The \(K_{sp}\) for \(\mathrm{CaF}_{2}\) is given as \(5.3 \times 10^{-11}\).Ensure the fluoride concentration used doesn't exceed the solubility product:\[ K_{sp} = [\mathrm{Ca}^{2+}][\mathrm{F}^{-}]^2 = x(2x)^2 = 4x^3.\]With \(x = 1.0 \times 10^{-5} \):\[ 4(1.0 \times 10^{-5})^3 = 4 \times 10^{-15} \leq 5.3 \times 10^{-11} \].So, the calculated fluoride level is below the \(K_{sp}\) limit.

Key concepts

Stoichiometry

Stoichiometry plays a crucial role when it comes to calculating the amount of substances involved in chemical reactions. In the case of calcium fluoride (\(\mathrm{CaF}_2\)), when it dissolves in water, it breaks down into calcium ions (\(\mathrm{Ca}^{2+}\)) and fluoride ions (\(\mathrm{F}^{-}\)). This is depicted by the equation: \[\mathrm{CaF}_2 \rightleftharpoons \mathrm{Ca}^{2+} + 2\mathrm{F}^{-}\]. Each mole of \(\mathrm{CaF}_2\) yields one mole of \(\mathrm{Ca}^{2+}\) and two moles of \(\mathrm{F}^{-}\).
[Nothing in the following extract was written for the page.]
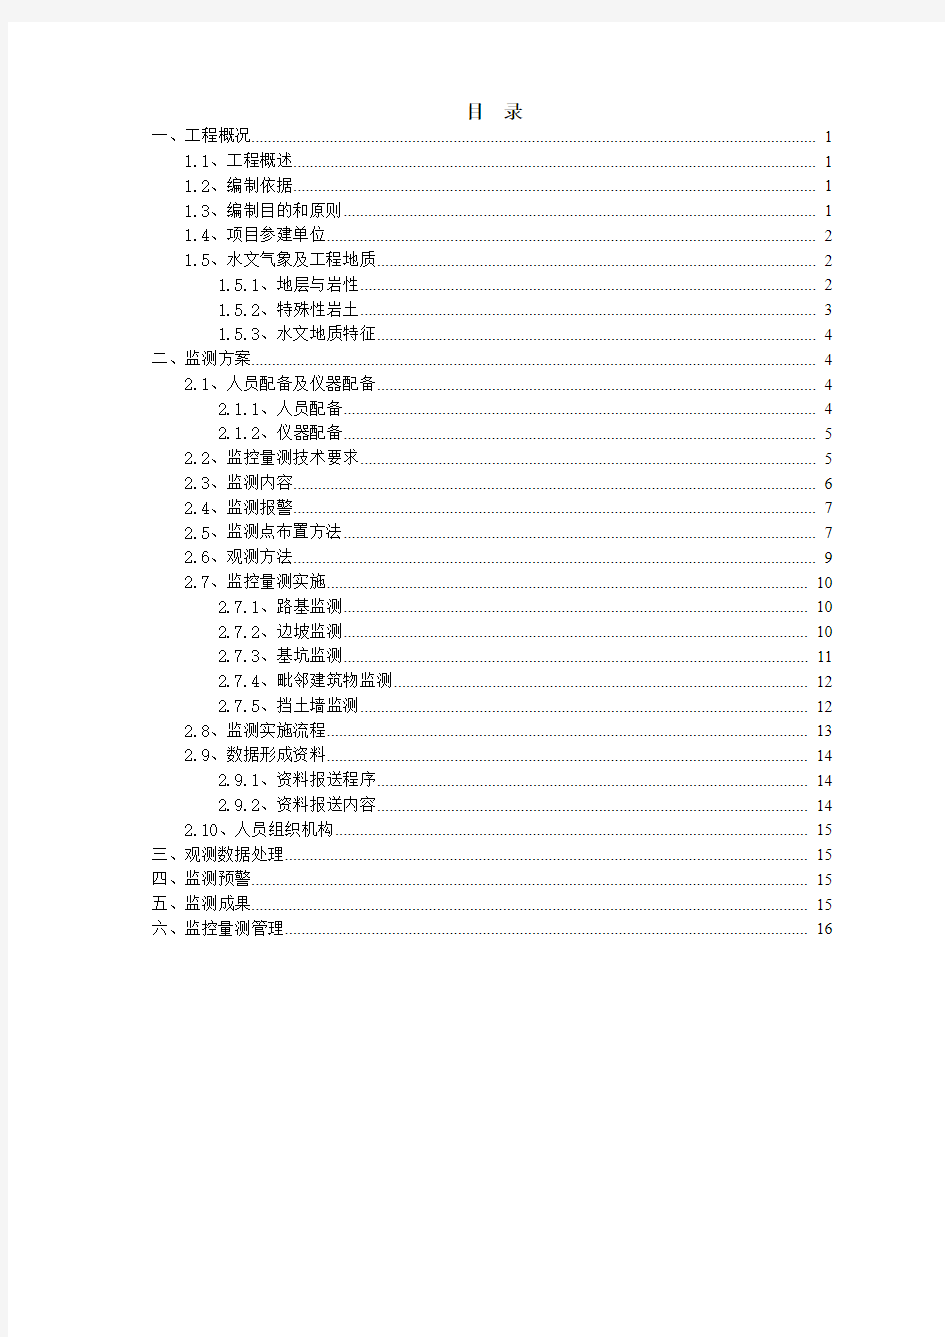 广州镇龙车辆段施工I标工程监控测量方案 (2)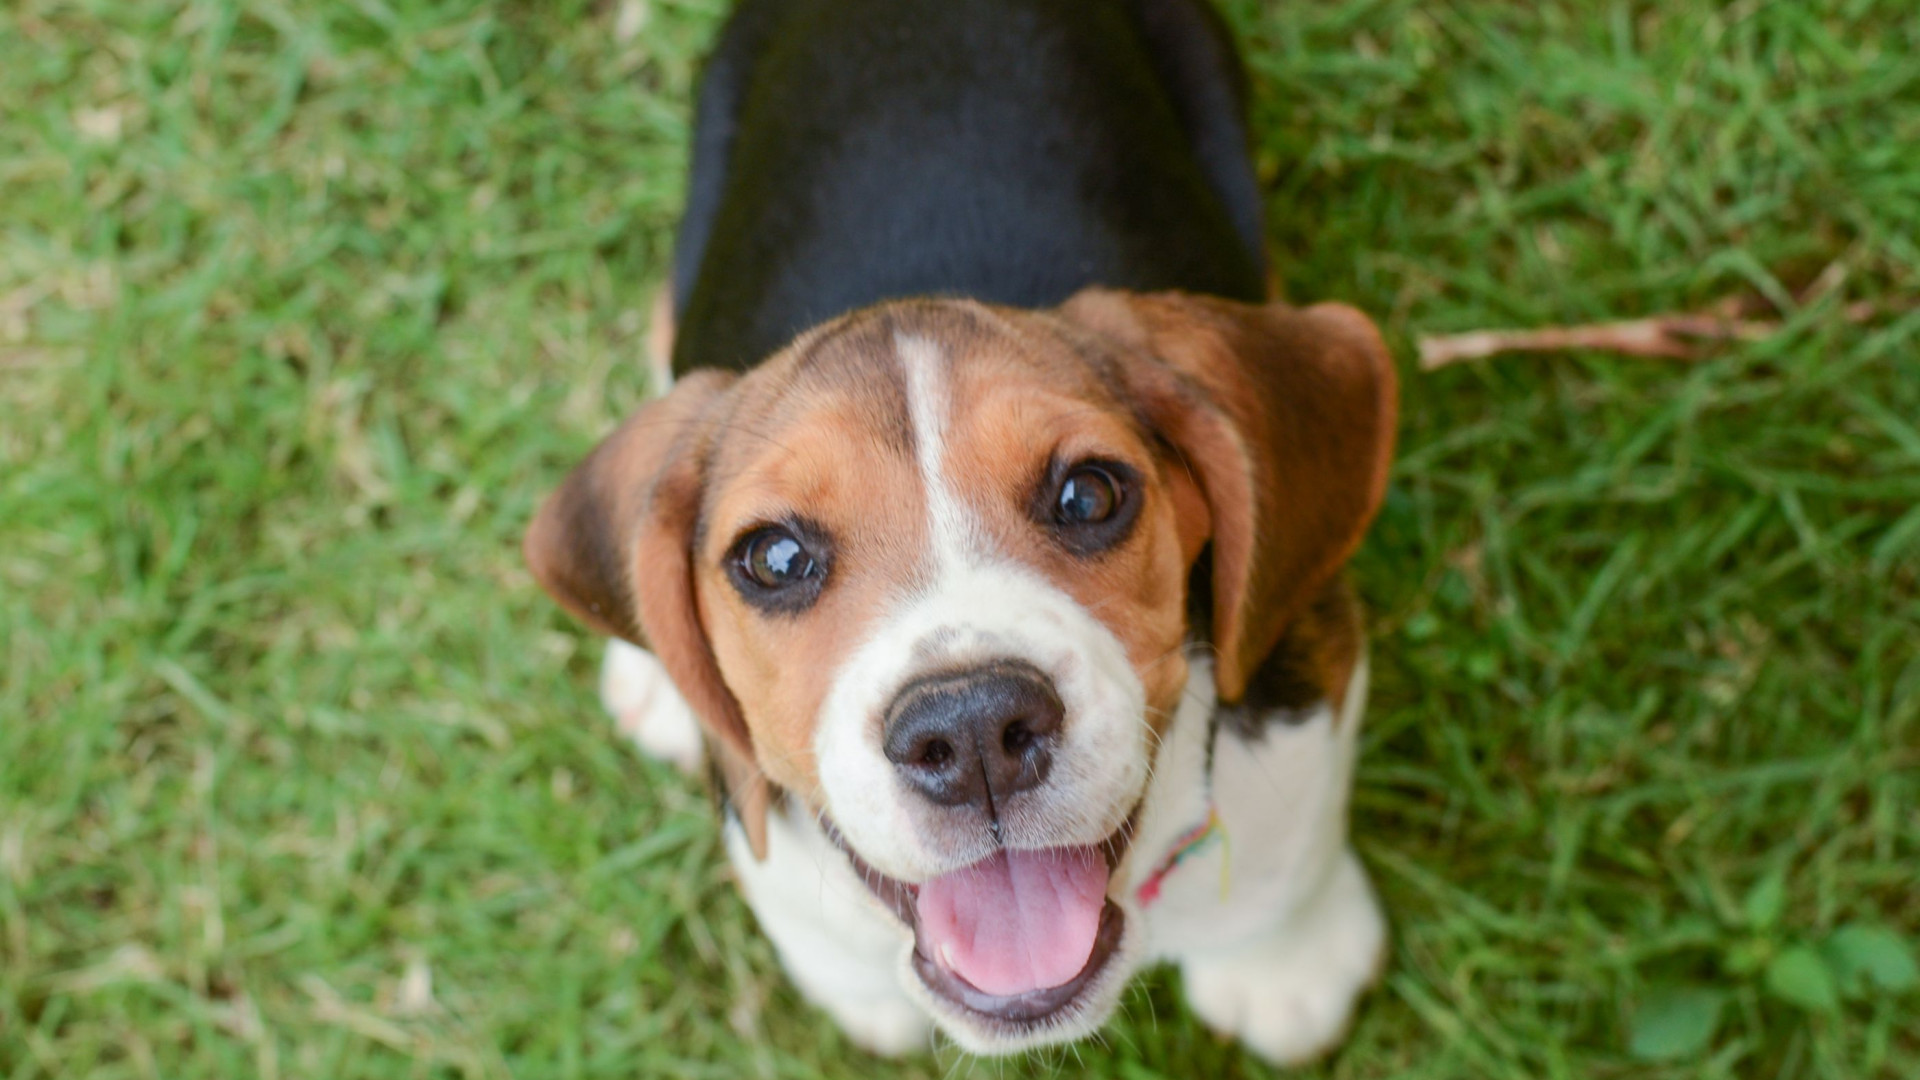 A beagle dog

From the stoichiometry of this reaction, we can see the relationship between \(\mathrm{CaF}_2\) and \(\mathrm{F}^{-}\) ions.
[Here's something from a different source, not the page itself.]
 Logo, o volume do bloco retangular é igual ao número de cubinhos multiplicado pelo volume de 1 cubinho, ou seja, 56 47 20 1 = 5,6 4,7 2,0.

• 1 mole of \(\mathrm{CaF}_2\) produces 1 mole of \(\mathrm{Ca}^{2+}\).
• 1 mole of \(\mathrm{CaF}_2\) yields 2 moles of \(\mathrm{F}^{-}\).
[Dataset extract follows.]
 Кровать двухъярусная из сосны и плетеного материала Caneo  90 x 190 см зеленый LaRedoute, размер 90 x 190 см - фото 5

This means the concentration of \(\mathrm{CaF}_2\) in solution is half that of \(\mathrm{F}^{-}\) ions. To get the required number of moles for a given \(\mathrm{F}^{-}\) concentration, we divide the fluoride concentration by two. This understanding ensures accurate calculations of the chemicals needed in the solution.

Solubility Product (Ksp)

The solubility product constant, \(K_{sp}\), helps us understand the extent to which calcium fluoride will dissolve in water. It is an equilibrium constant specifically for ionic compounds that are sparingly soluble. For \(\mathrm{CaF}_2\), the \(K_{sp}\) is given as \(5.3 \times 10^{-11}\).The expression for the solubility product of \(\mathrm{CaF}_2\) is:\[ K_{sp} = [\mathrm{Ca}^{2+}][\mathrm{F}^{-}]^2 \].Since each mole of \(\mathrm{CaF}_2\) produces 1 mole of \(\mathrm{Ca}^{2+}\) and 2 moles of \(\mathrm{F}^{-}\):\[ [\mathrm{Ca}^{2+}] = x \quad \text{and} \quad [\mathrm{F}^{-}] = 2x \].Substituting these into the \(K_{sp}\) equation gives us:\[ K_{sp} = x(2x)^2 = 4x^3 \].This equation tells us how the concentrations of \(\mathrm{Ca}^{2+}\) and \(\mathrm{F}^{-}\) ions relate at equilibrium when \(\mathrm{CaF}_2\) dissolves. For the fluoride concentration to not exceed solubility limits, the calculated value must be less than or equal to the \(K_{sp}\). This ensures that no more \(\mathrm{CaF}_2\) will dissolve once we reach the equilibrium point.

Molar Concentration

Molar concentration, also known as molarity, refers to the number of moles of a solute present in one liter of solution. It's a key concept when determining how much calcium fluoride is needed to achieve a specific concentration of fluoride ions in water.For a desired fluoride ion concentration of \(2.0 \times 10^{-5} \mathrm{M}\), we start by establishing the molarity of \(\mathrm{CaF}_2\), which is half the fluoride concentration due to the stoichiometry:\[ x = \frac{2.0 \times 10^{-5}}{2} = 1.0 \times 10^{-5} \mathrm{M} \].If the volume of water is \(1.0 \times 10^6 \text{ L}\), the moles of \(\mathrm{CaF}_2\) needed are calculated using: \[ \text{Moles of } \mathrm{CaF}_2 = [\mathrm{CaF}_2] \times \text{Volume} = 10 \text{ moles} \].This highlights that molarity is foundational in determining how much of a solute is required. Understanding molar concentration ensures you mix accurate solutions for practical applications, like water fluoridation.